Por una circunstancia especial, visité una cárcel en las afueras de Tokio en el Japón. Las gestiones para lograr el excepcional permiso para interesarme por un compatriota, tomó diez meses de nutridas notas y rogativas. Las diferencias son tan abismales, que se convirtió en una experiencia inolvidable que aún años después, es motivo de honda reflexión. Y de genuina opresión.
Imposible poder discernir cuál de los sistemas es el correcto. La disciplina, la limpieza y la rigidez de la cárcel japonesa, era sobrecogedora. En ambientes tan asépticos como un hospital (de hecho cuentan con un quirófano increíblemente bien equipado), el silencio y prohibición de cualquier clase de entretenimiento es absoluta. Los presos en impecables uniformes, sólo disfrutan los domingos de sesenta minutos para no hacer nada y recibir el sol. Pulcros y perfectamente equipados talleres para diversos trabajos al que todos los internos son asignados y por cuyo trabajo se les remunera al valor del mercado laboral de los libres, es el ahorro que tendrán a su salida. Las visitas de familiares en primer grado exclusivamente, sin la posibilidad siquiera de tomar una mano, es a través de un grueso vidrio y por quince minutos al mes sin importar que eso signifique o el abandono o miles de dólares para recorrer inmensas distancias cuando se trata de un extranjero. Hasta en el aire se percibe lo deshumanizado de un sistema perfecto, pero tan infernal como el nuestro.
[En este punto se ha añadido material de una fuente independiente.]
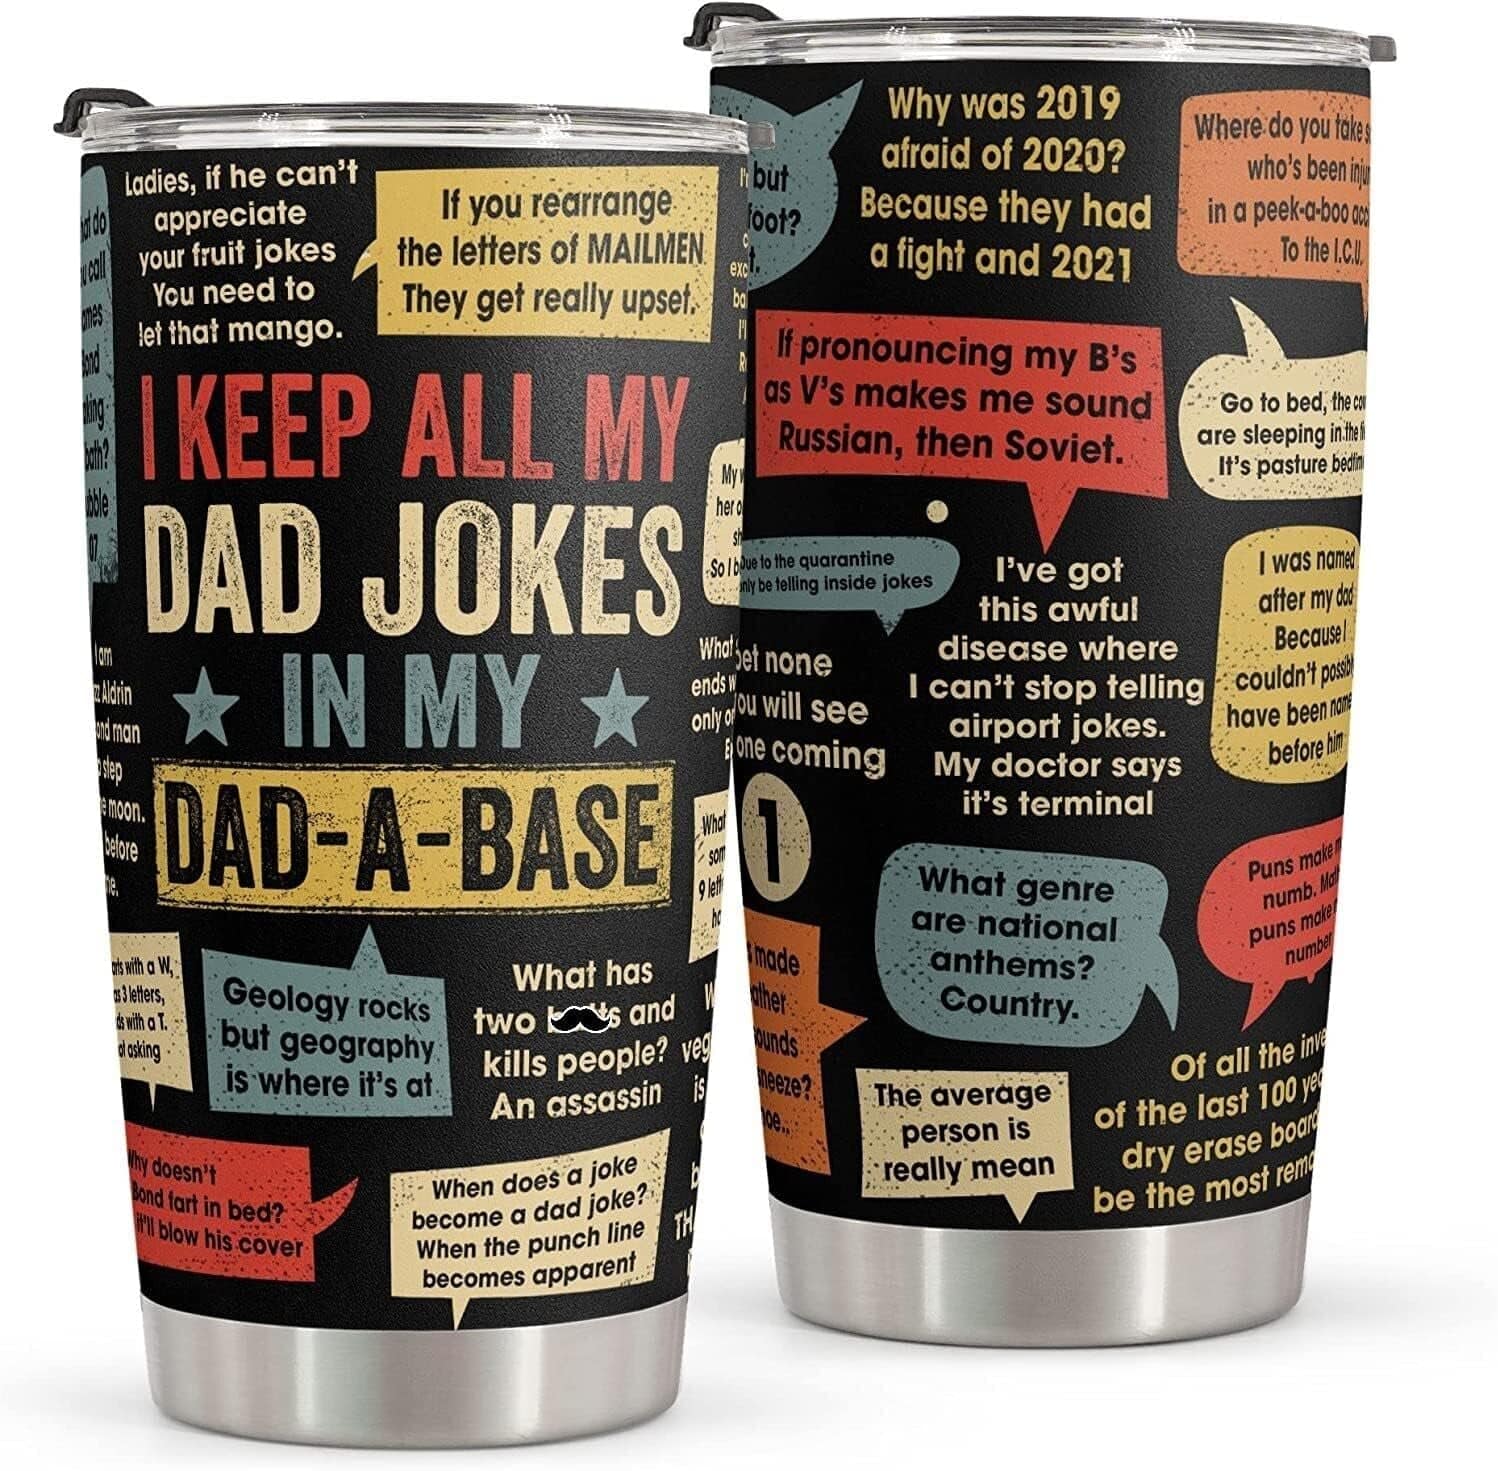 GeckoCustom Gift for Dad - Stainless Steel Tumbler 20Oz - Dad Joke Birthday Gift for Dad Men Gift - Fathers Day Gift from Daughter Son Wife - Funny Christmas Gift for Men Dad Stepdad Bonus Dad Uncle Jokes
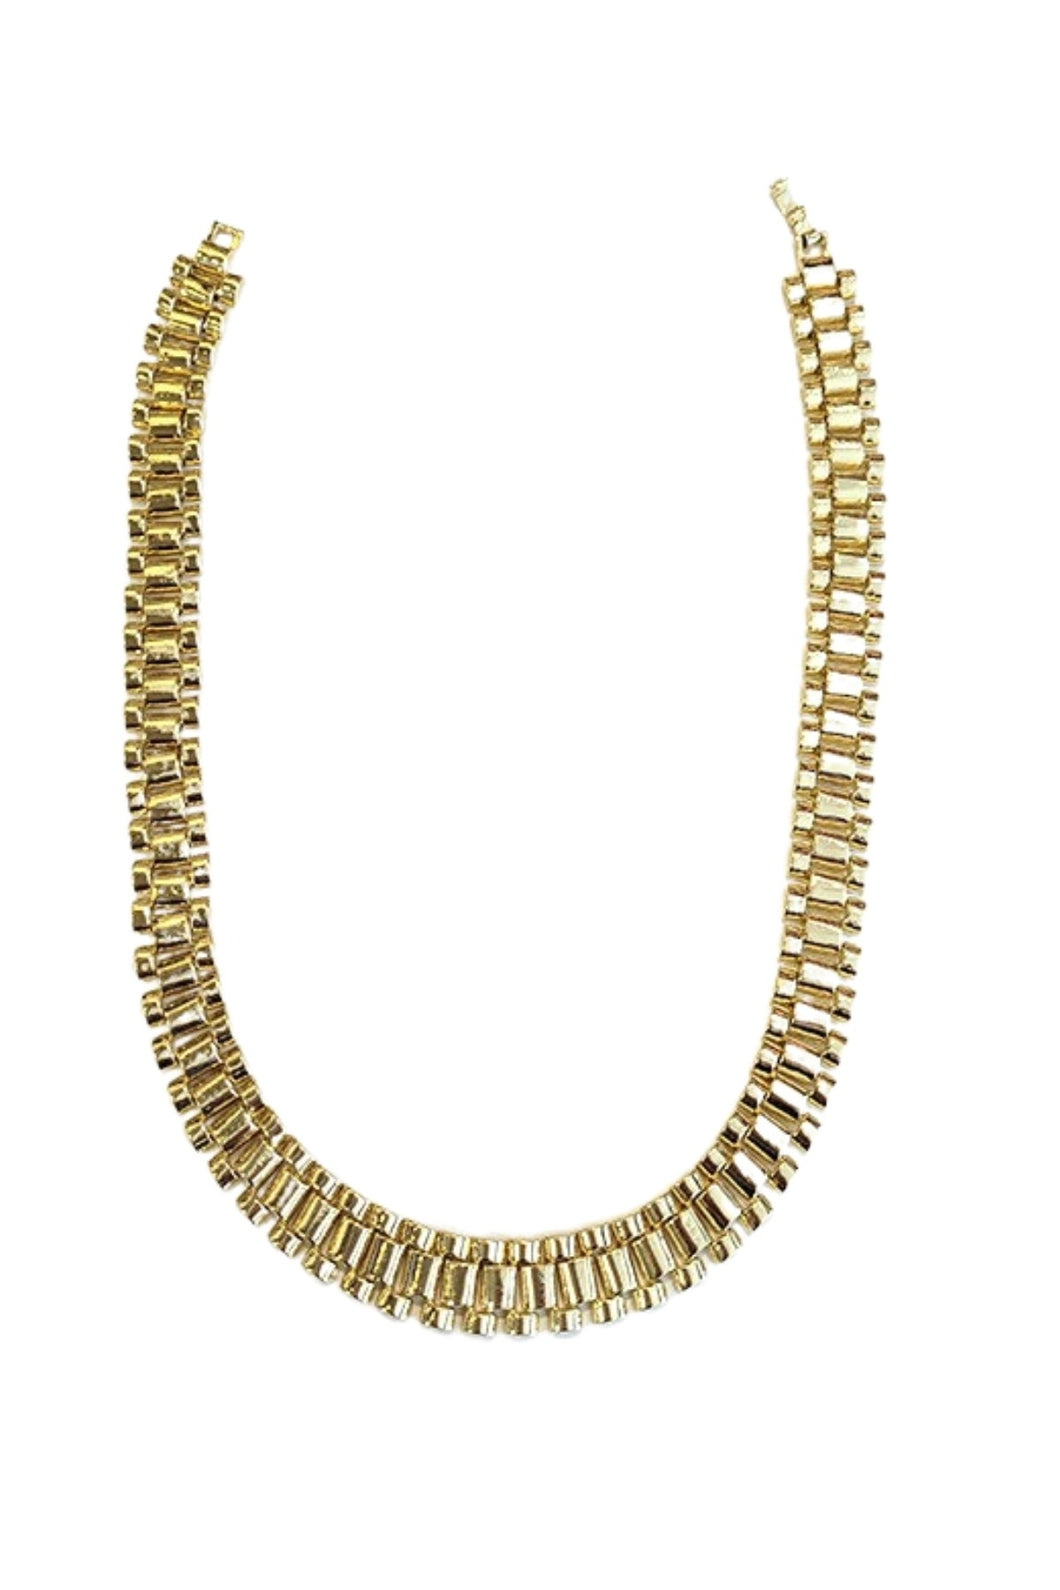 14KT GOLD PLATED 16mm CHAIN NECKLACE

Libros o cartas son minuciosamente escudriñados en su texto, incluso traducidos antes de ser entregados al destinatario. Ante la cercanía del invierno, chompa, guantes y bufanda de boliviana alpaca, no fueron admitidos. Todos sabemos que los bolivianos estando lejos, desarrollamos un fuerte apego emocional a los sabores que nos son familiares. Ni una pequeña bolsita fue autorizada. Imposible no sentir una honda opresión por la soledad, la frialdad y la rigidez de ese sistema que sin embargo, se supone es el concepto correcto de castigo por una falta cometida hacia la sociedad a tiempo de perseguir la reinserción y donde convierten extremadamente improbable la reincidencia.
Dos personas han fallecido de meningitis en el penal de San Pedro. El debate está centrado si los doscientos cincuenta niños libres pero presos, deberían ser alejados del insalubre ambiente hasta que se supere la emergencia. En principio, nunca debieron estar allí. Pero, ¿no es suficientemente dura su realidad como para alejarlos de su mundo conocido y su única noción de familia? Pero, ¿es racional exponerlos a la mortal enfermedad? Ni los niños ni los padres aceptan la separación. Y esta es una realidad que desnuda mucho más que una simple coyuntura.
La entrañable y extraña humanidad de nuestras cárceles que nos enfrenta a una situación tan cruel, hace anhelar, que todo esto, no sea más que el mal sueño de un atormentado novelista.